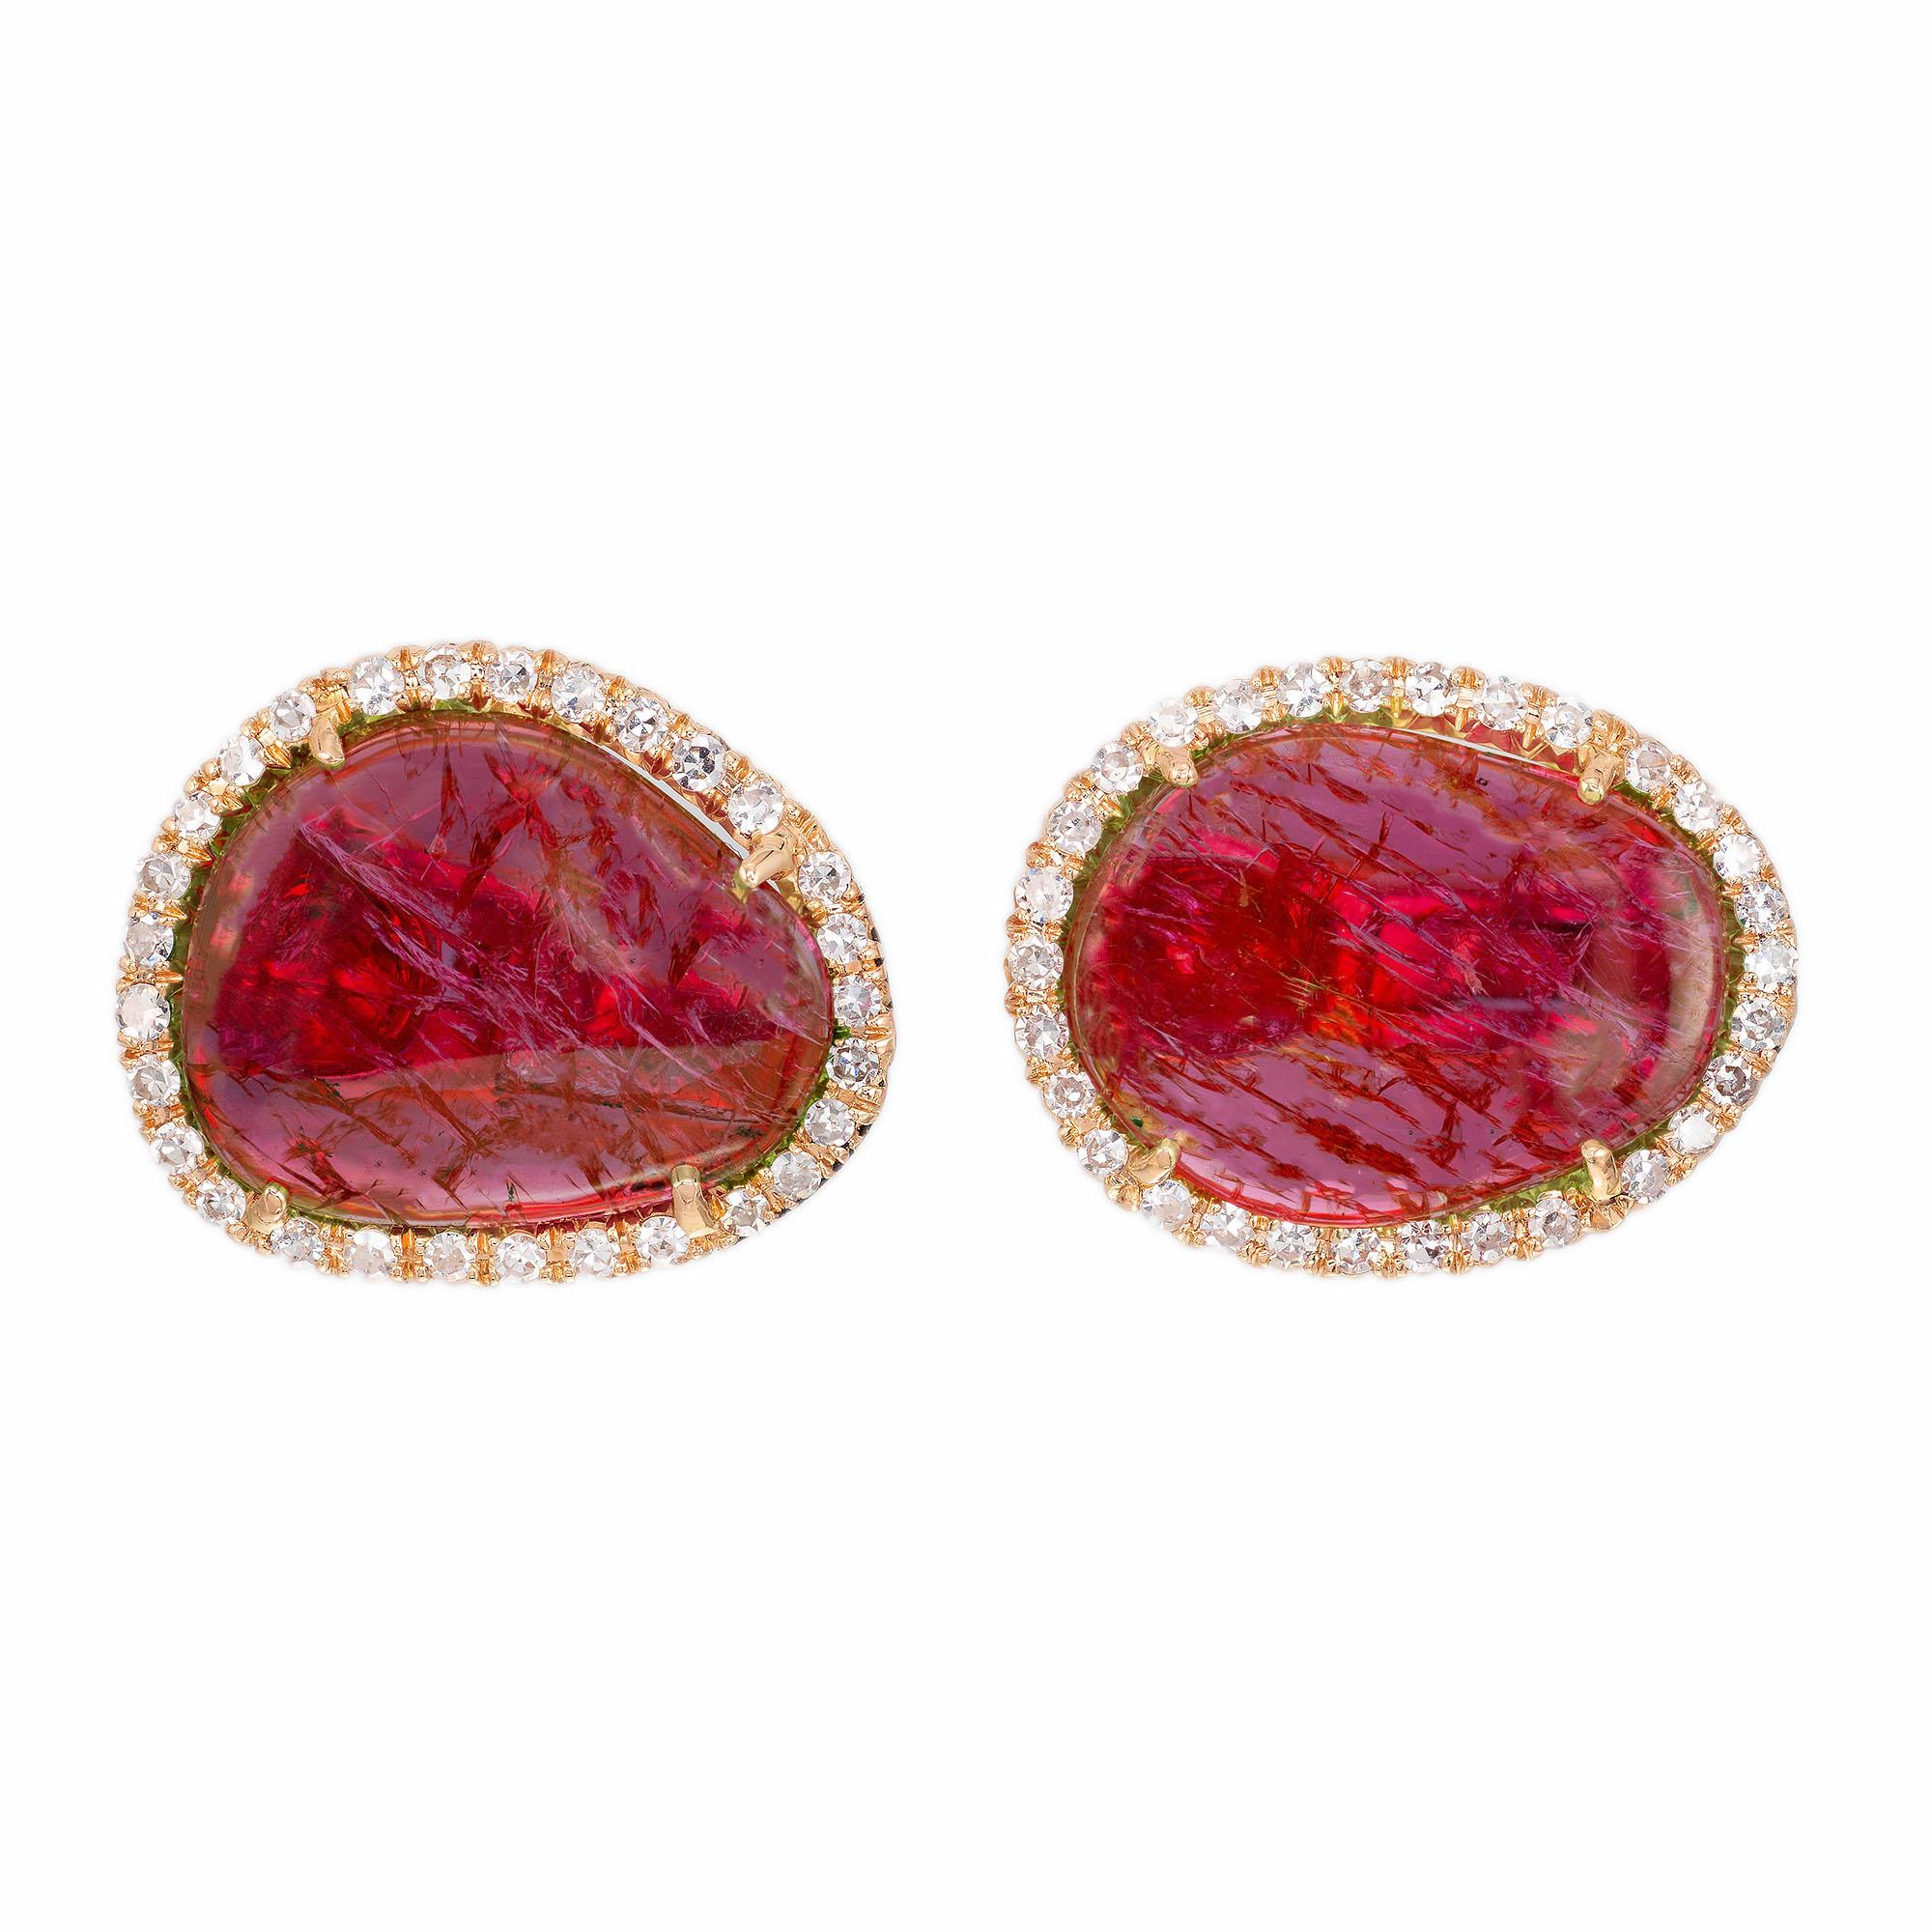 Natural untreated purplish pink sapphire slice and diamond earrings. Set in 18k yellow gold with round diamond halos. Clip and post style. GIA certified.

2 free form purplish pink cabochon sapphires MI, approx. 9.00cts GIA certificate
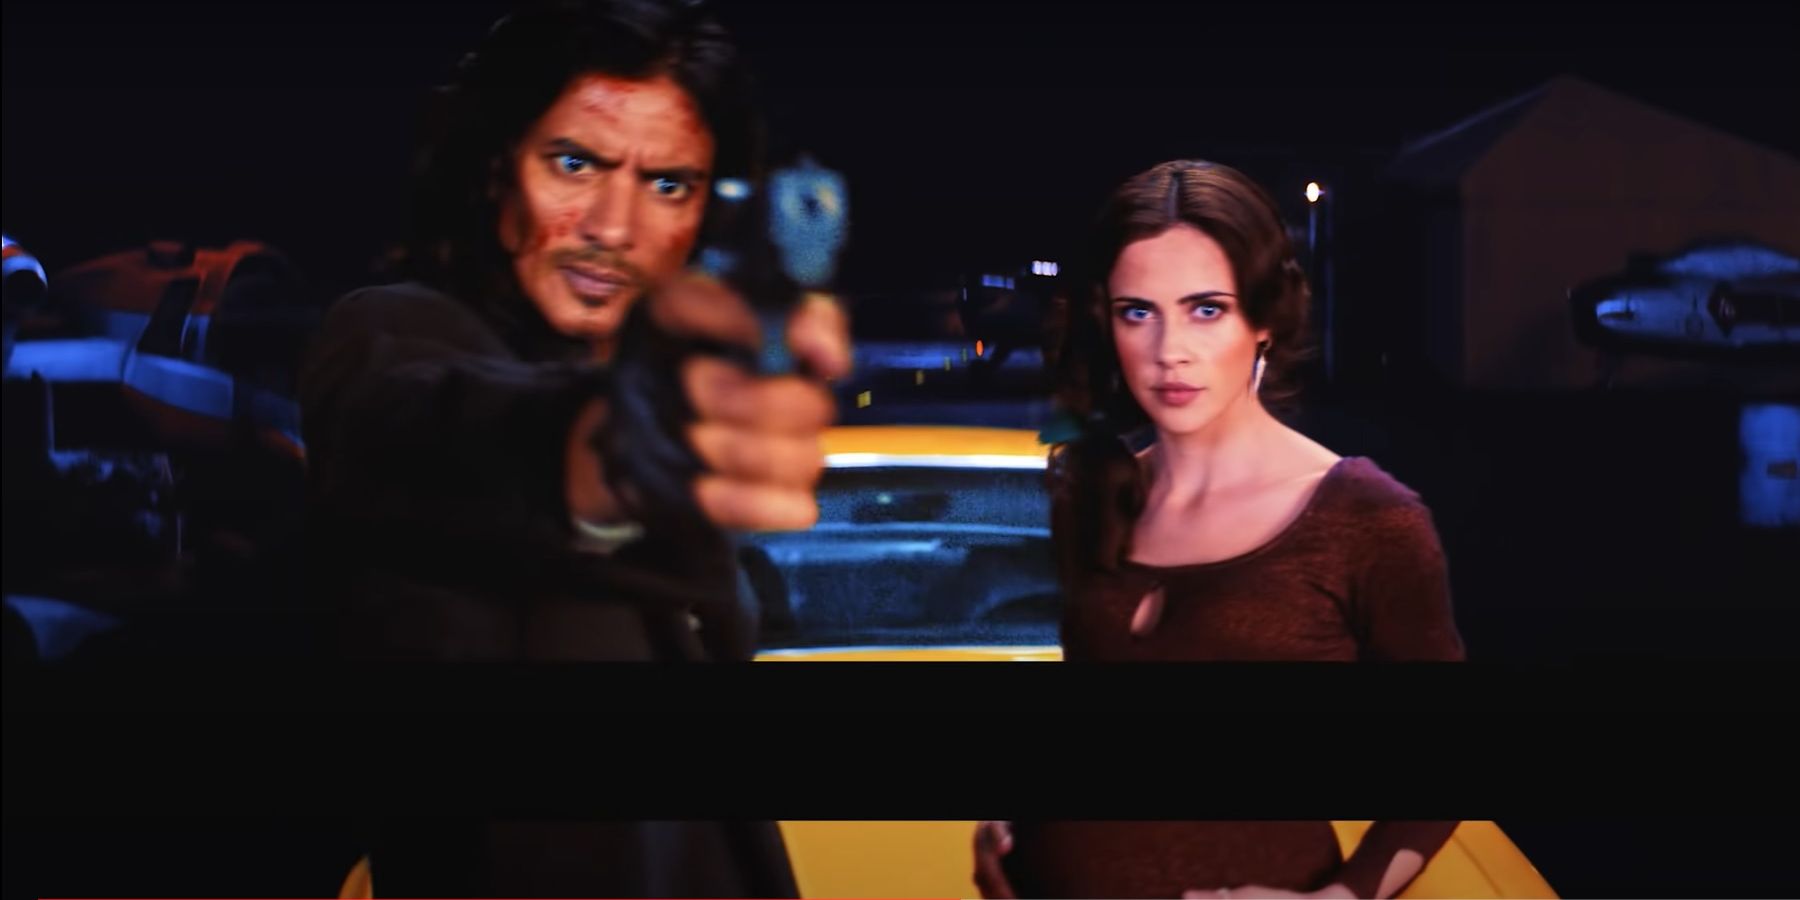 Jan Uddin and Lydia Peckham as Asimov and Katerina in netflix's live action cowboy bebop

# What the task asks:
Print the full listing again exactly, and drop every image from it.

# Answer:
 Natural untreated purplish pink sapphire slice and diamond earrings. Set in 18k yellow gold with round diamond halos. Clip and post style. GIA certified.

2 free form purplish pink cabochon sapphires MI, approx. 9.00cts GIA certificate
 Jan Uddin and Lydia Peckham as Asimov and Katerina in netflix's live action cowboy bebop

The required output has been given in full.